Column by Ron Elving

Watching Washington

 
 
May 28, 2008

No Easy Picks for Either Party's VP

 
“In the end, both McCain and Obama will probably tap someone highly imperfect who just feels right to the nominee -- someone plausible and compatible who "brings something to the ticket." What that something is will be of lesser consequence.”
 
 

Everybody loves playing "Pick the VP" except the people who actually have to pick one. Doing it in real life often turns out to be painful and thankless.
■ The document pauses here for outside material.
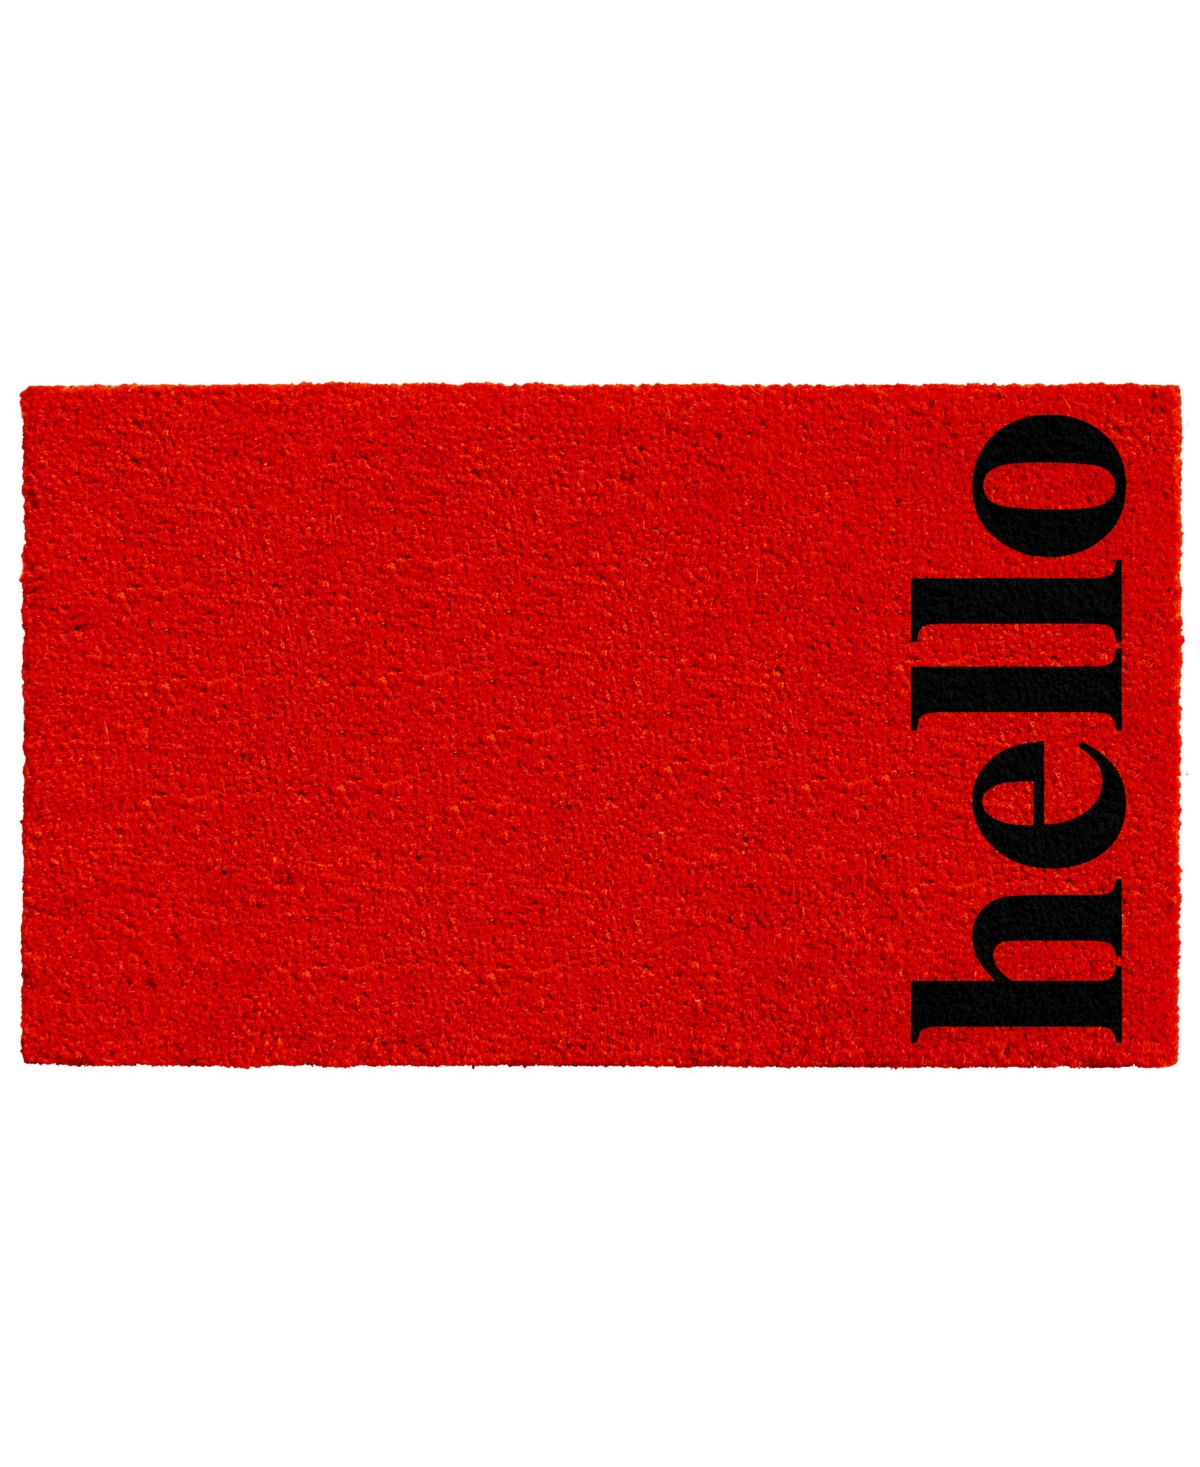 Home & More Vertical Hello Coir/vinyl Doormat, 24" X 36" In Red,black

Pick a good running mate and no one remembers the process. Pick a bad one, and no one ever forgets. The search for a vice president always begins as a careful parsing of potential pluses, but it often becomes a rather frantic scramble to minimize the minuses.

Consider the plight of the two presumptive nominees of 2008, John McCain and Barack Obama, whose selection of dance partners now dominates the blogosphere and every political conversation.

Neither man is likely to find his ideal running mate, because ideal candidates do not exist. It may be fun to imagine, for example, a "John and Mary" ticket (or better yet a "John y Maria" ticket). But try finding a Republican woman who has been elected statewide in a sizable state and who endorses the GOP platform stand against abortion.

Senators Kay Bailey Hutchison and Elizabeth Dole probably come the closest among current officeholders, although neither quite fills the bill. Hutchison has been slightly heterodox on abortion and has her political sights fixed on Texas. Dole has her hands full with her re-election campaign this fall and would not help McCain on the age front, being one month older.

That's why the name of Sarah Palin comes up. She's the 44-year-old Republican who is the first woman governor of Alaska and that state's youngest governor. Bright and mediagenic and strongly anti-abortion, she's considered a rising star who could find a place on the national stage. But her only previous office was as mayor of Wasilla. And is anyone really worried about the GOP carrying Alaska?

The lack of obvious women to pair with McCain in the political world has prompted the mention of some private sector stars such as Carly Fiorina, 54, the former CEO and chairman at Hewlett-Packard, and Meg Whitman, 51, former CEO of eBay.

Fiorina and Whitman have no political experience other than campaigning for McCain (Fiorina) and Mitt Romney (Whitman) this year. But both exude the air of business acumen often lacking when McCain talks economics himself. Both women are well-known to readers of The Wall Street Journal, but entering the national consciousness in an entirely new way would bring entirely uncertain results.

No woman was included when McCain hosted three potential veeps at his Arizona home last weekend. Romney was included, as was Florida Gov. Charlie Crist (a key backer in a key primary) and the 36-year-old freshly elected governor of Louisiana, Bobby Jindal. A fourth prospect, Minnesota Gov. Tim Pawlenty, begged off, citing a scheduling conflict (causing some to conclude the governor was happy with his current job).

But this guest list was not really McCain's short list. Each man was invited as a salute to his own achievements but also as a nod to the constituency each represents. And in the end, none may bring enough on the plus side to make up for the potential downside.

A big part of the VP problem is that prospects who fit one set of criteria perfectly are utterly unacceptable on another. Someone who looks ideal on paper turns out to be poison once picked.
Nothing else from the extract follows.